OpenAI’s GPT-4, which currently powers the most capable version of ChatGPT, blew people’s socks off when it debuted in March of this year. It also prompted some researchers to revise their expectations of when AI would rival the broadness of human intelligence. OpenAI has described GPT-4 as multimodal and in September upgraded ChatGPT to process images and audio, but it has not said whether the core GPT-4 model was trained directly on more than just text. ChatGPT can also generate images with help from another OpenAI model called DALL-E 2.
Google today released a technical report that provides some details of Gemini’s inner workings. It does not disclose the specifics of the architecture, size of the AI model, or the collection of data used to train it.
The lengthy and expensive process of training large AI models on powerful computer chips means that Gemini likely cost hundreds of millions of dollars, AI experts say. Google is expected to have developed a novel design for the model and a new mix of training data.
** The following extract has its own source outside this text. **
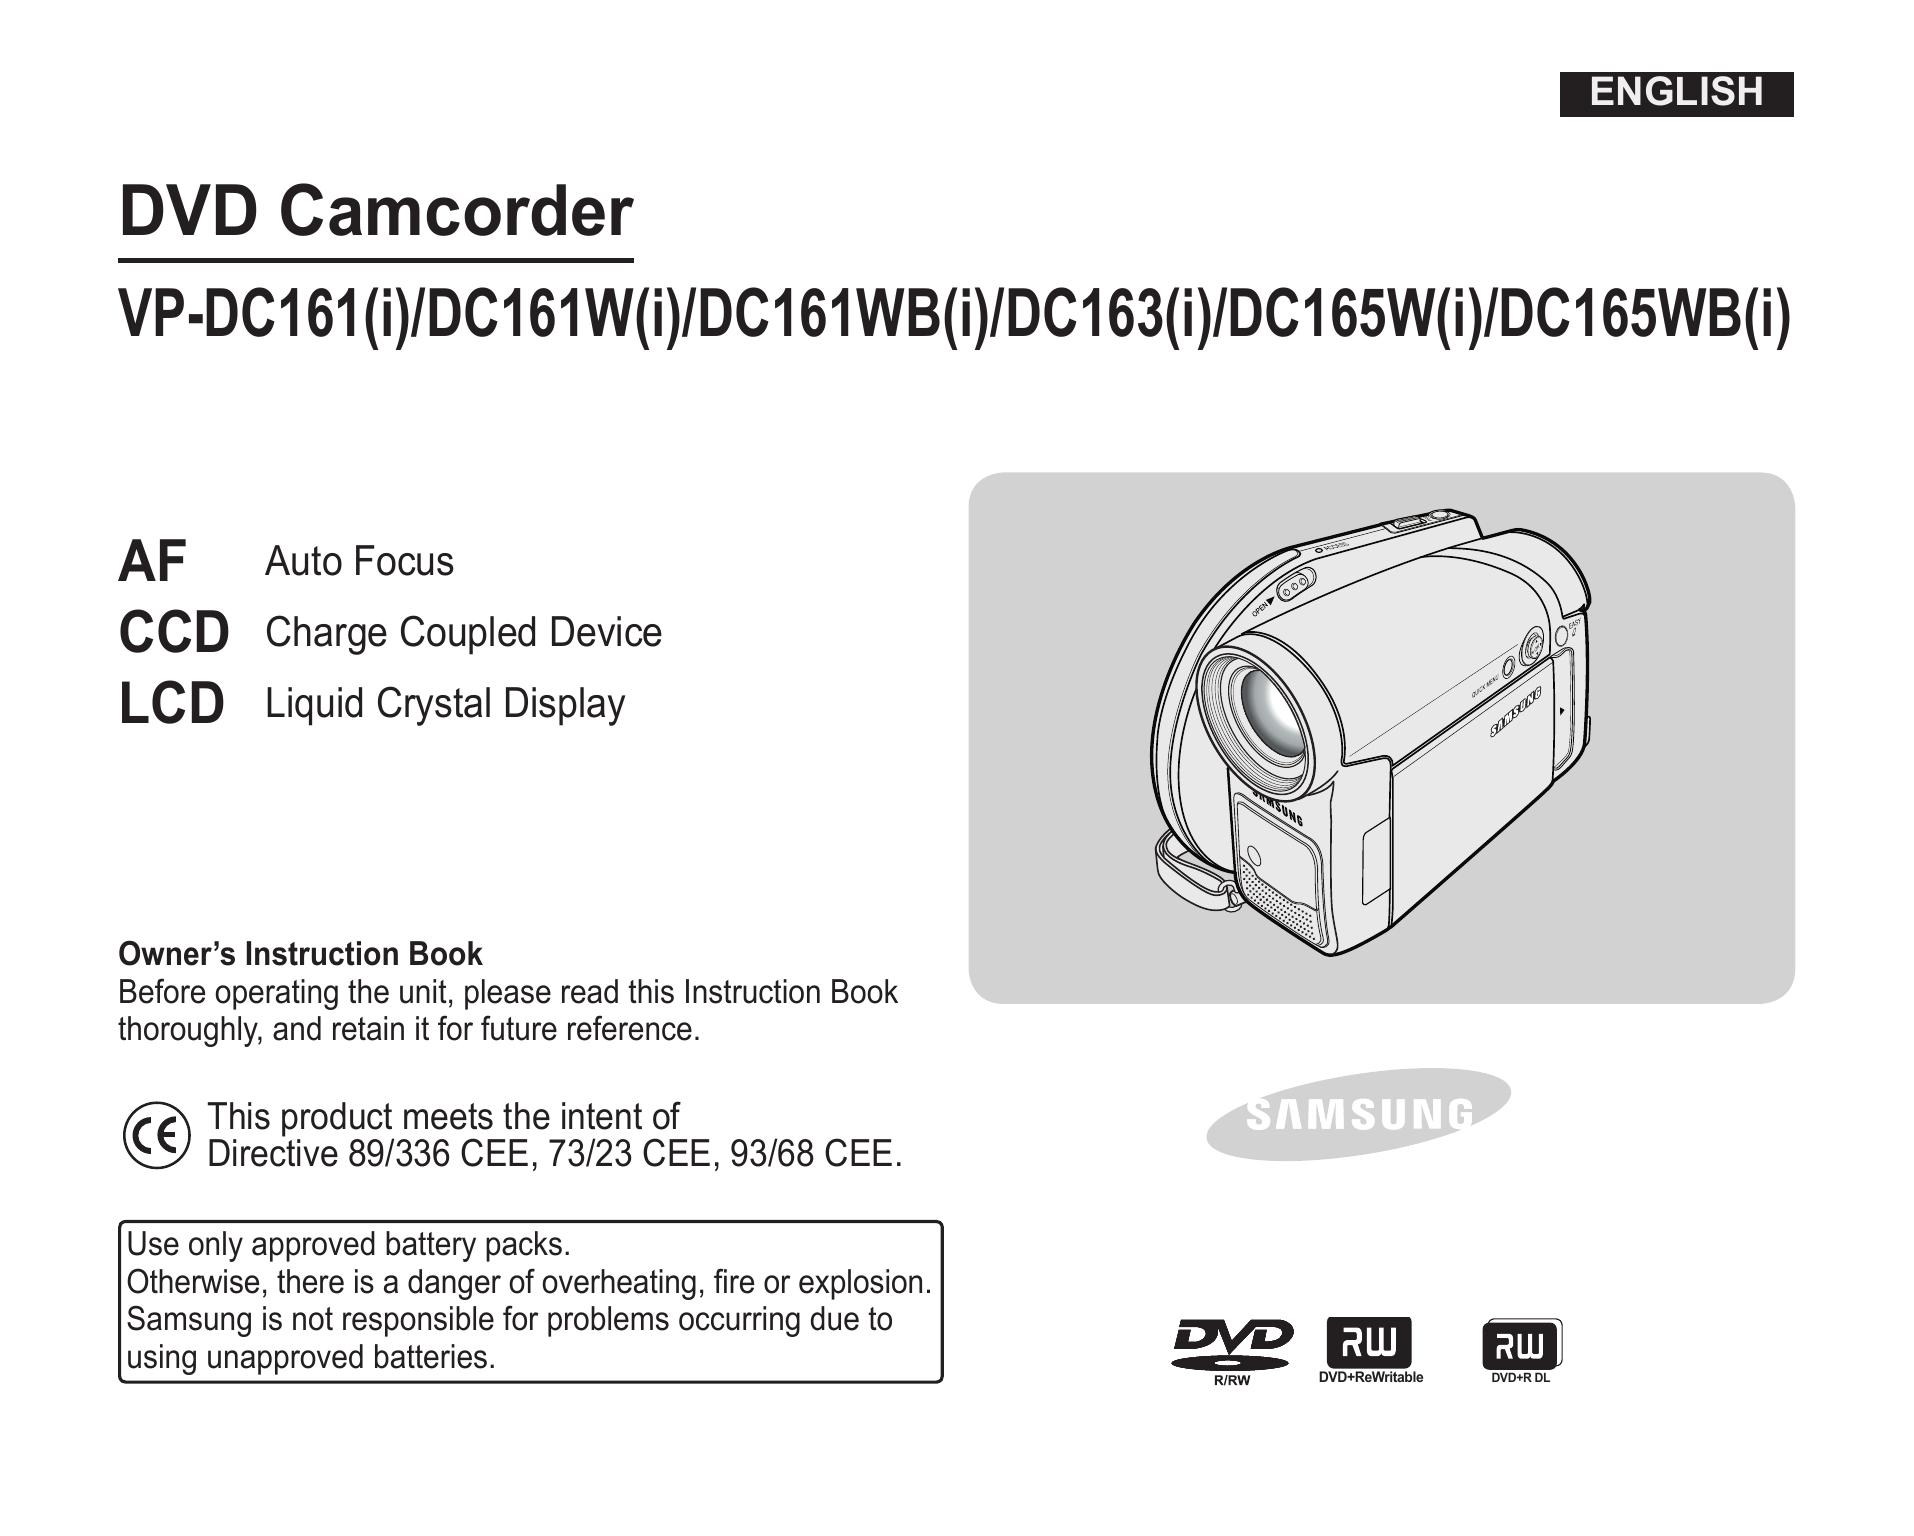 Samsung DC163(i) Camcorder User Manual

The company has accelerated the release of its AI technology and poured resources into several new AI efforts in an attempt to drown out the noise around OpenAI’s ChatGPT and reestablish itself as the world’s leading AI company.
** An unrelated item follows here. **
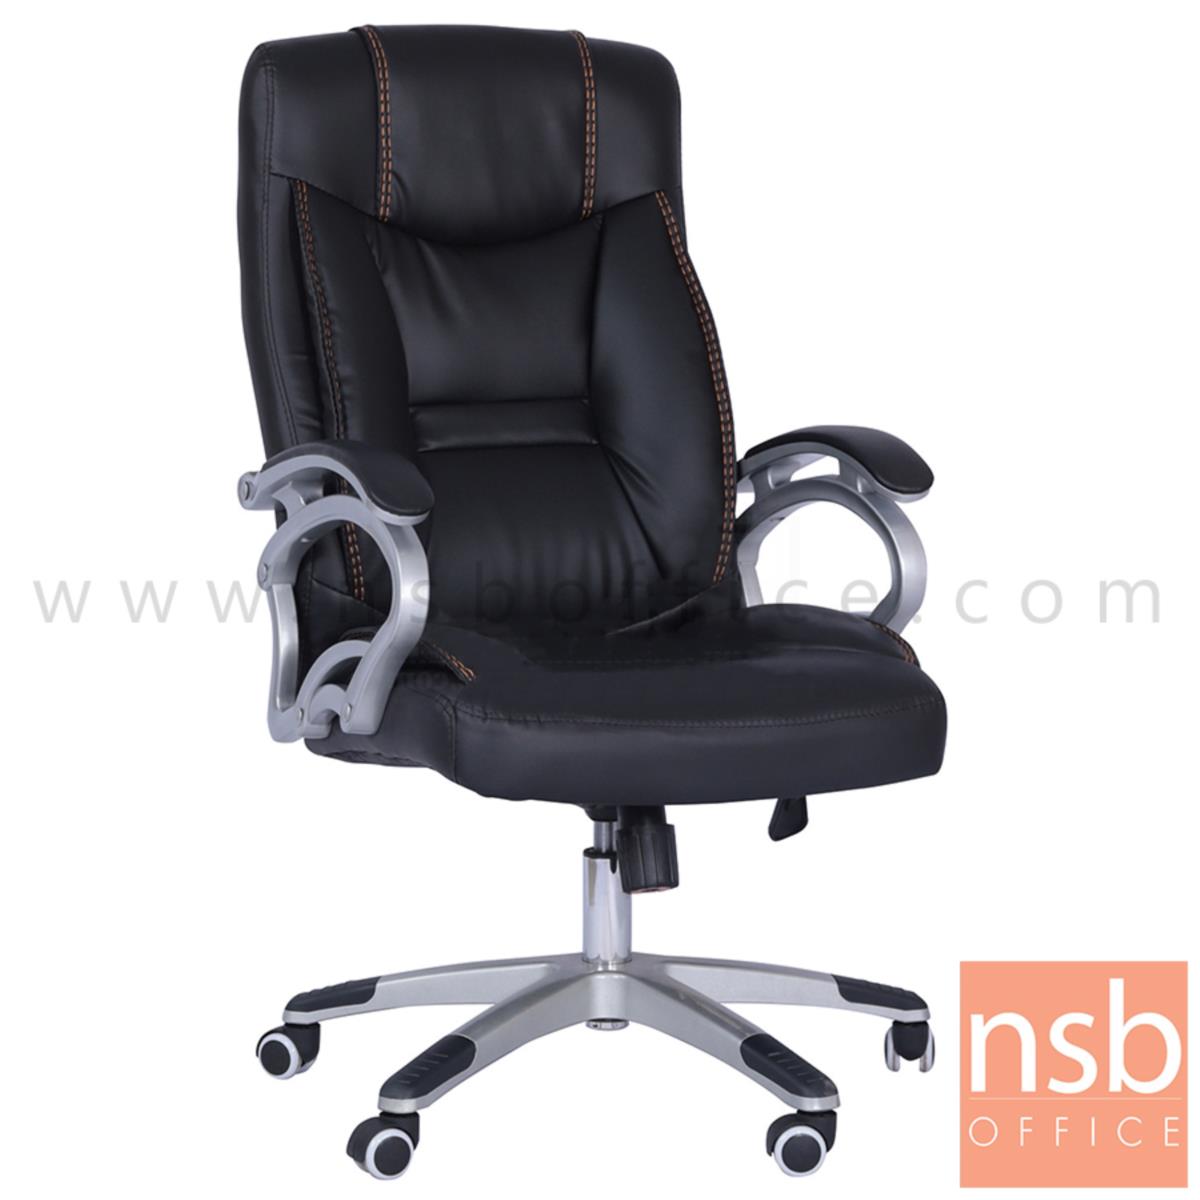 B01A522:เก้าอี้ผู้บริหารหนังเทียม รุ่น Shaffer (ชาฟเฟอร์)  ขาพลาสติก

“We’re in a kind of tit-for-tat arms race,” says Oren Etzioni, a professor emeritus at the University of Washington and former CEO of the Allen Institute for AI. “There’s no reason to disbelieve that Gemini does better than GPT-4 on these benchmarks, but the next version, GPT-5, will do better than that.”
Etzioni says giant models like Gemini are thought to cost hundreds of millions of dollars to build, but the ultimate prize could be billions or even trillions in revenue for the company that dominates in supplying AI through the cloud. “This is a take-no-prisoners, must-win war,” he says.
Google invented some key techniques at work in ChatGPT but was slow to release its own chatbot technology prior to OpenAI’s own release roughly a year ago, in part because of concern it could say unsavory or even dangerous things. The company says it has done its most comprehensive safety testing to date with Gemini, because of the model’s more general capabilities.
Gemini was tested using a data set of toxic model prompts developed by the Allen Institute for AI. Collins says the company is collaborating with external researchers to further “red-team” the model, pushing it to misbehave and discover its weak points. Without providing specifics, Collins said Gemini’s greater power requires Google to “up the bar on the sort of quality and safety checking that we have to do.”
A lot is riding on the new algorithm for Google and its parent company Alphabet, which built up formidable AI research capabilities over the past decade. With millions of developers building on top of OpenAI’s algorithms, and Microsoft using the technology to add new features to its operating systems and productivity software, Google has been compelled to rethink its focus as never before.
The search company first announced that it was working on Gemini at its I/O conference in May, as the company scrambled to add generative AI to search to head off the popularity of ChatGPT and the threat that OpenAI’s technology might power up Microsoft’s Bing search engine. Google’s estimated share of the global search market still exceeds 90 percent, but the Gemini launch appears to show the company continuing to ramp up its response to ChatGPT.
Google DeepMind, the division that led development of Gemini, was created as part of that response by merging Google’s main AI research group, Google Brain, with its London-based AI unit, DeepMind, in April. But the Gemini project drew on researchers and engineers from across Google for the past few months. It made use of a recently upgraded version of Google’s custom silicon chips for training AI models, known as Tensor Processing Units (TPUs).